== SOURCE MATERIAL

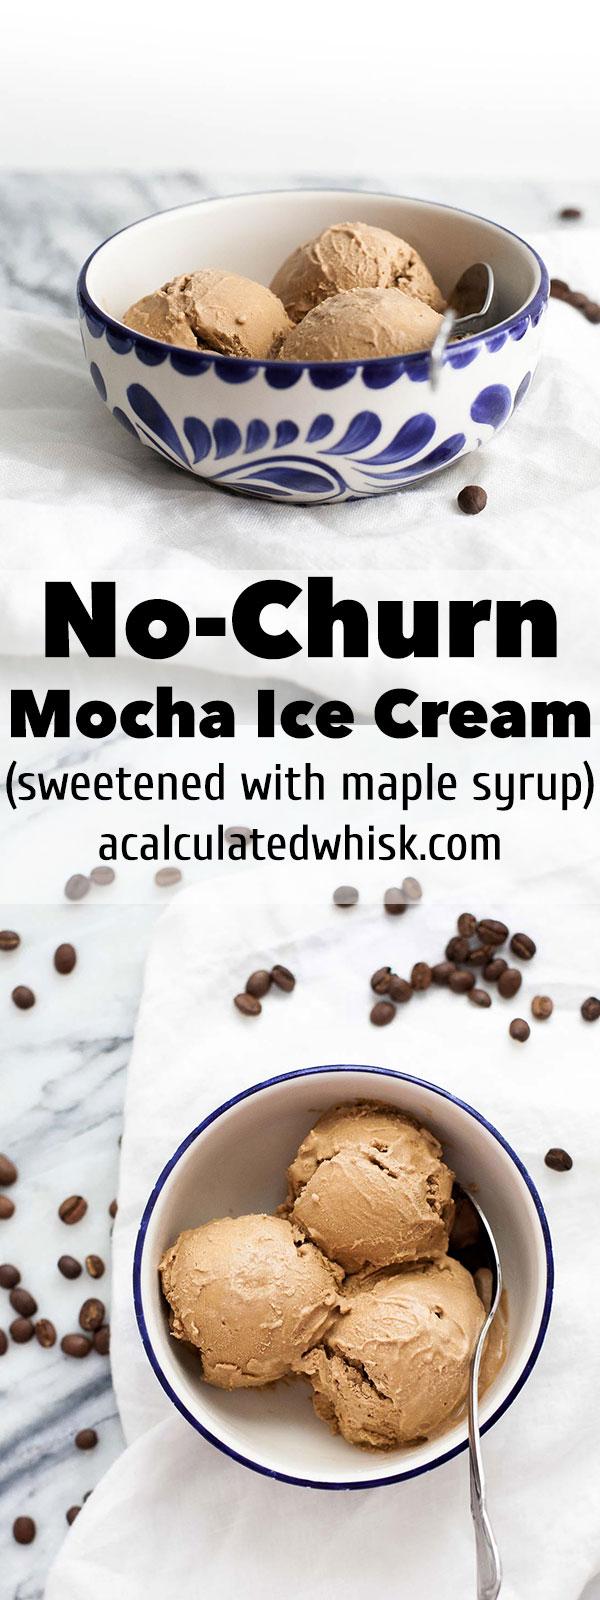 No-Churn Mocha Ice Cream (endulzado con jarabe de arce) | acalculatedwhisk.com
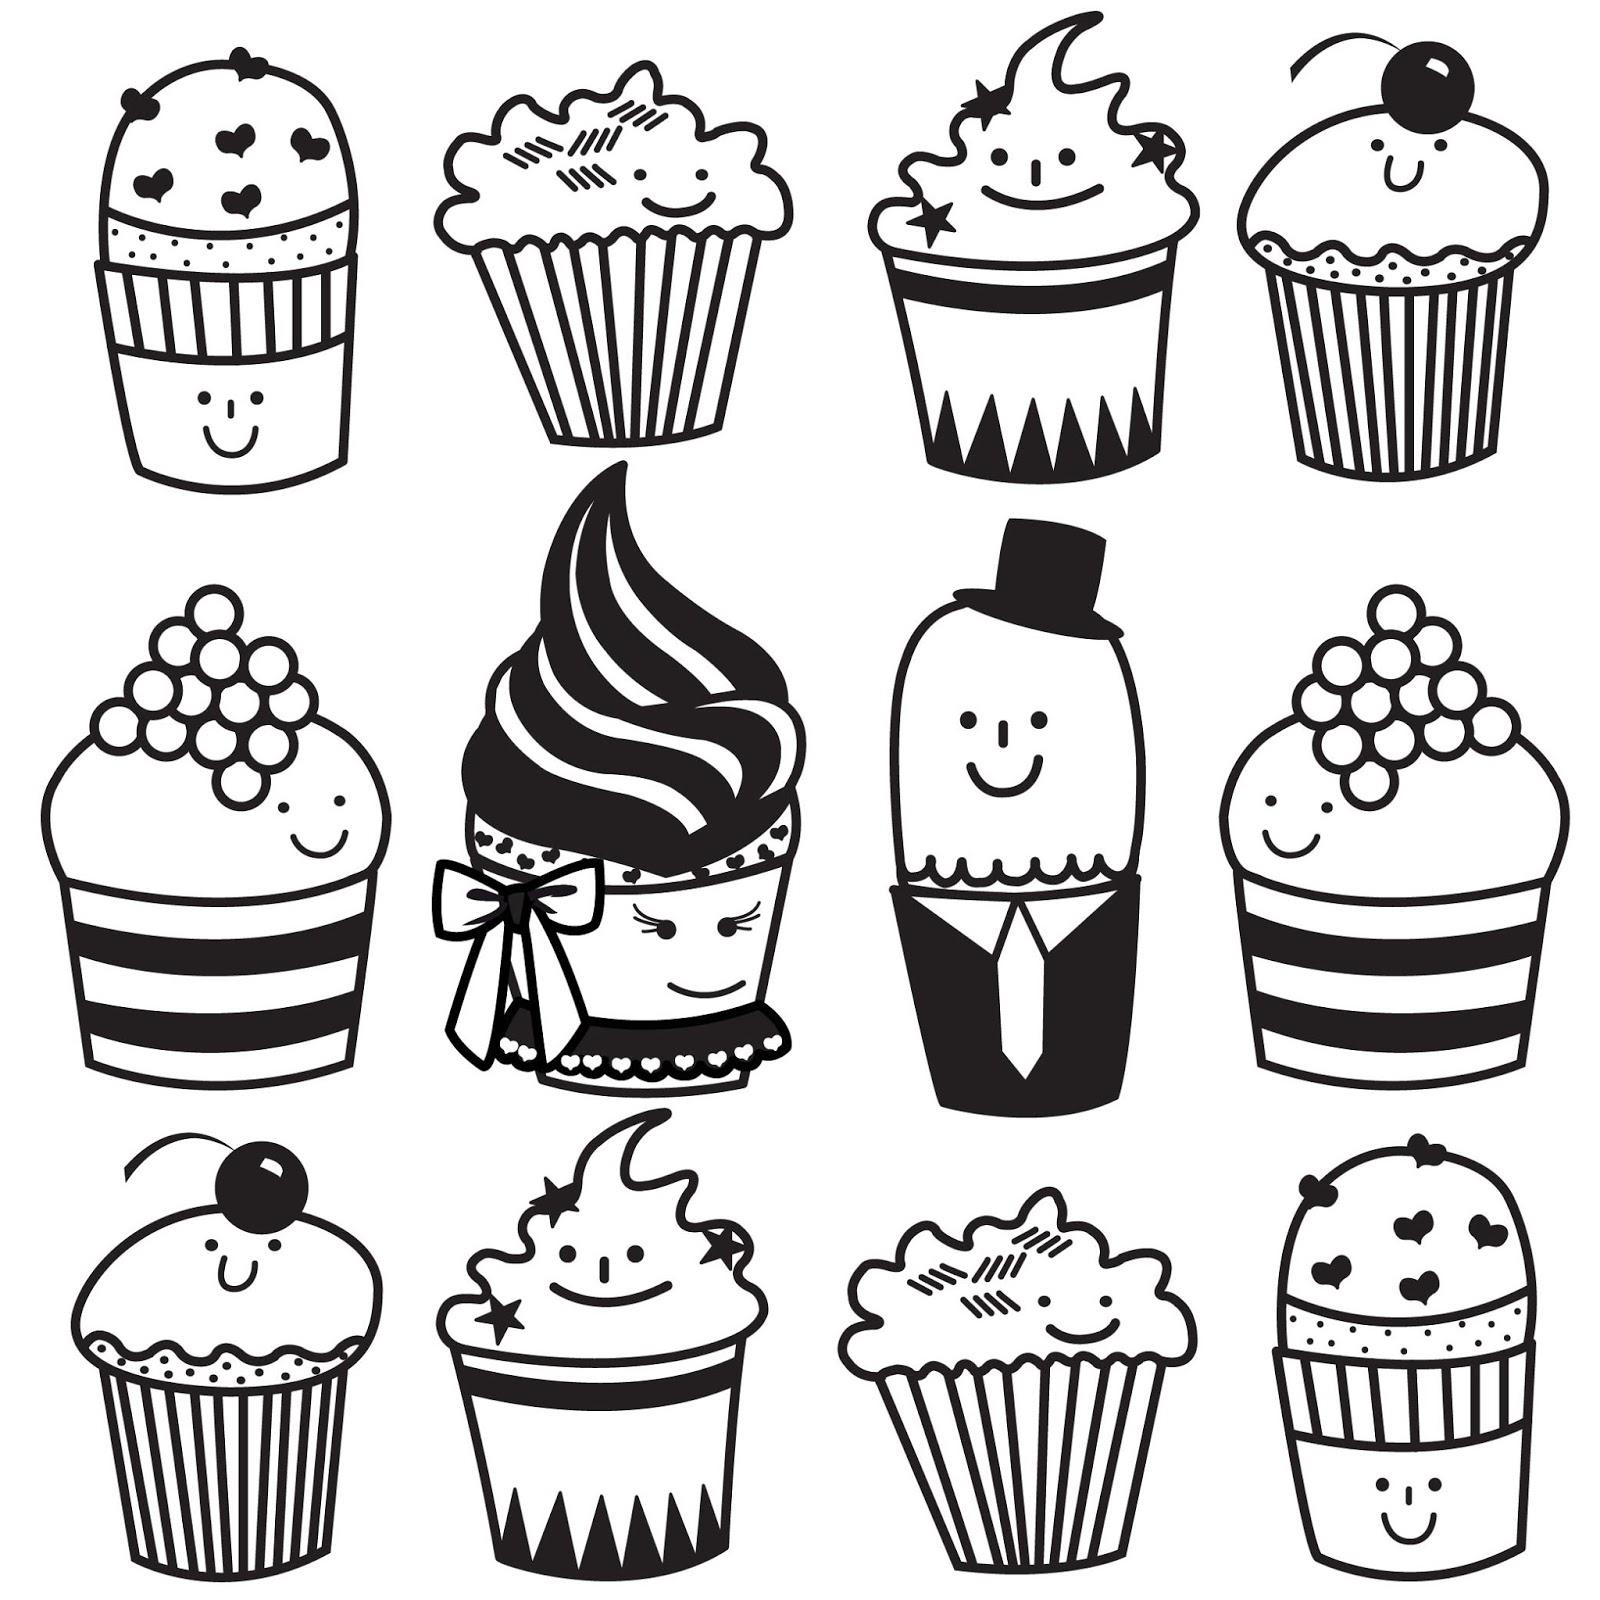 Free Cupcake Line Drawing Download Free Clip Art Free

====
== SOURCE MATERIAL

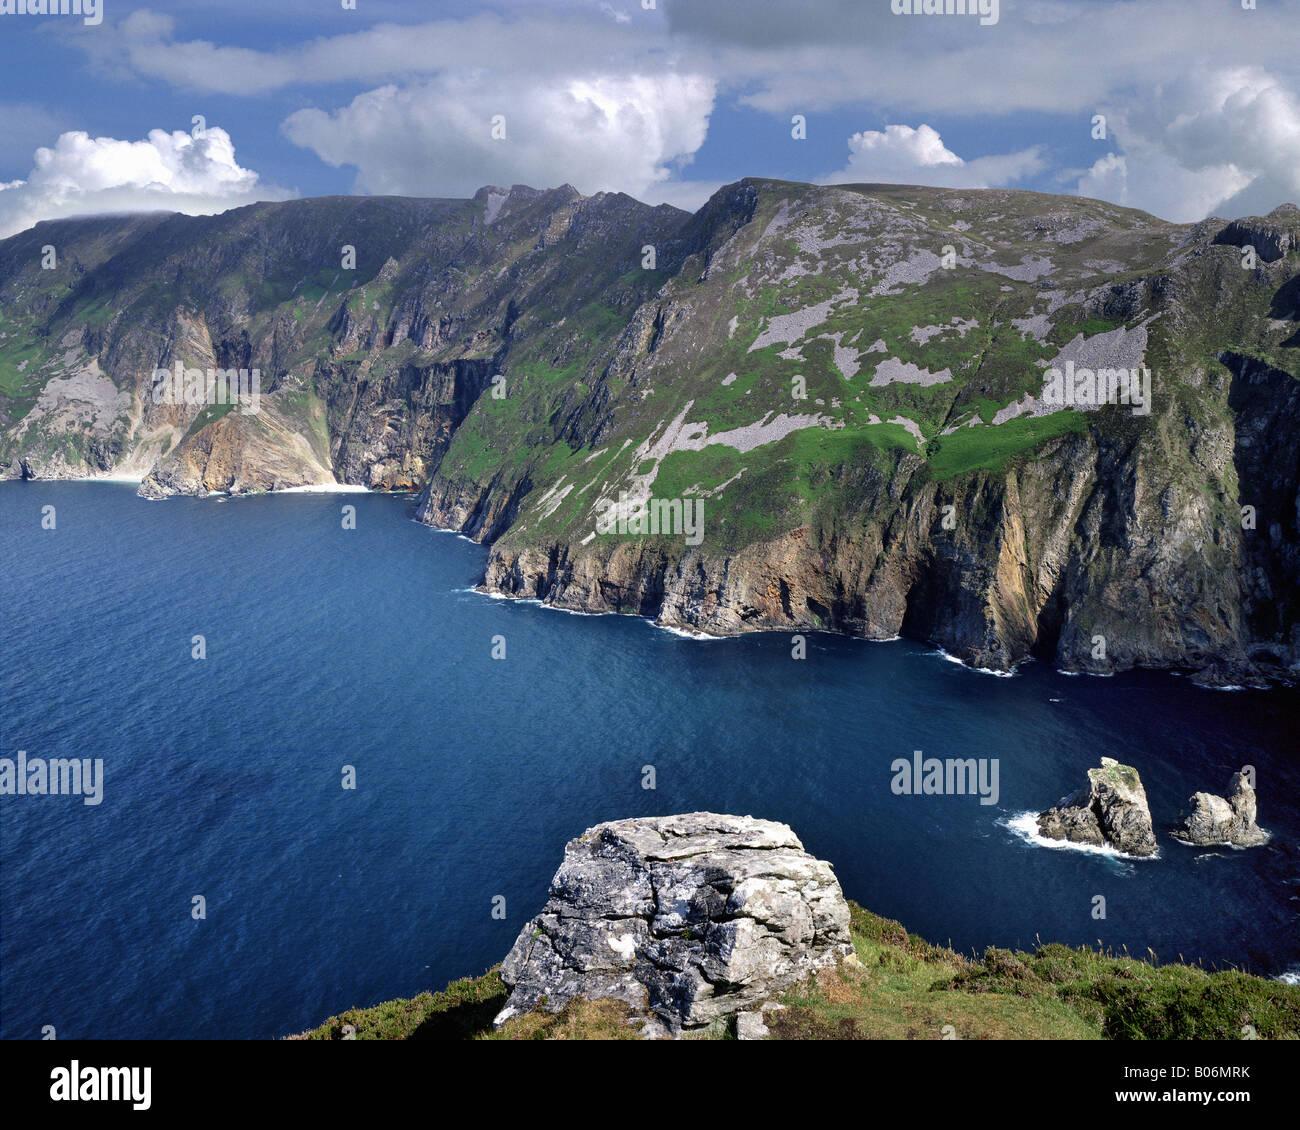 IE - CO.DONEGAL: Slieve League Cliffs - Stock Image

====
== SOURCE MATERIAL

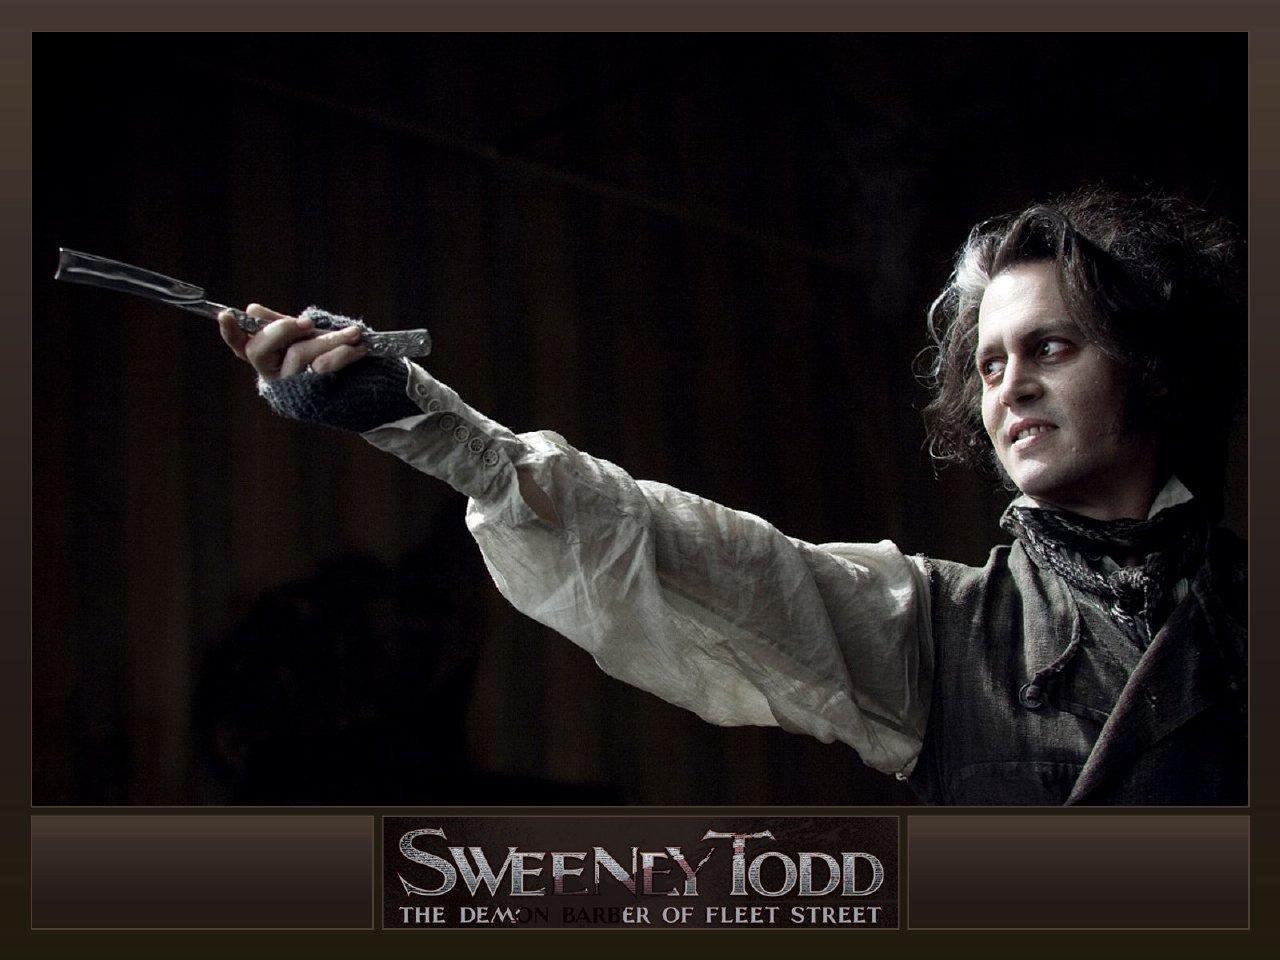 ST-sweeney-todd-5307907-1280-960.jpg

====

YOUR GOAL:
Reproduce, word for word, only the lines in the records above from the line with "No-Churn Mocha Ice" through the line with "Free Cupcake Line", including both ends; omit the pictures.

ANSWER BOX:
 No-Churn Mocha Ice Cream (endulzado con jarabe de arce) | acalculatedwhisk.com
 Free Cupcake Line Drawing Download Free Clip Art Free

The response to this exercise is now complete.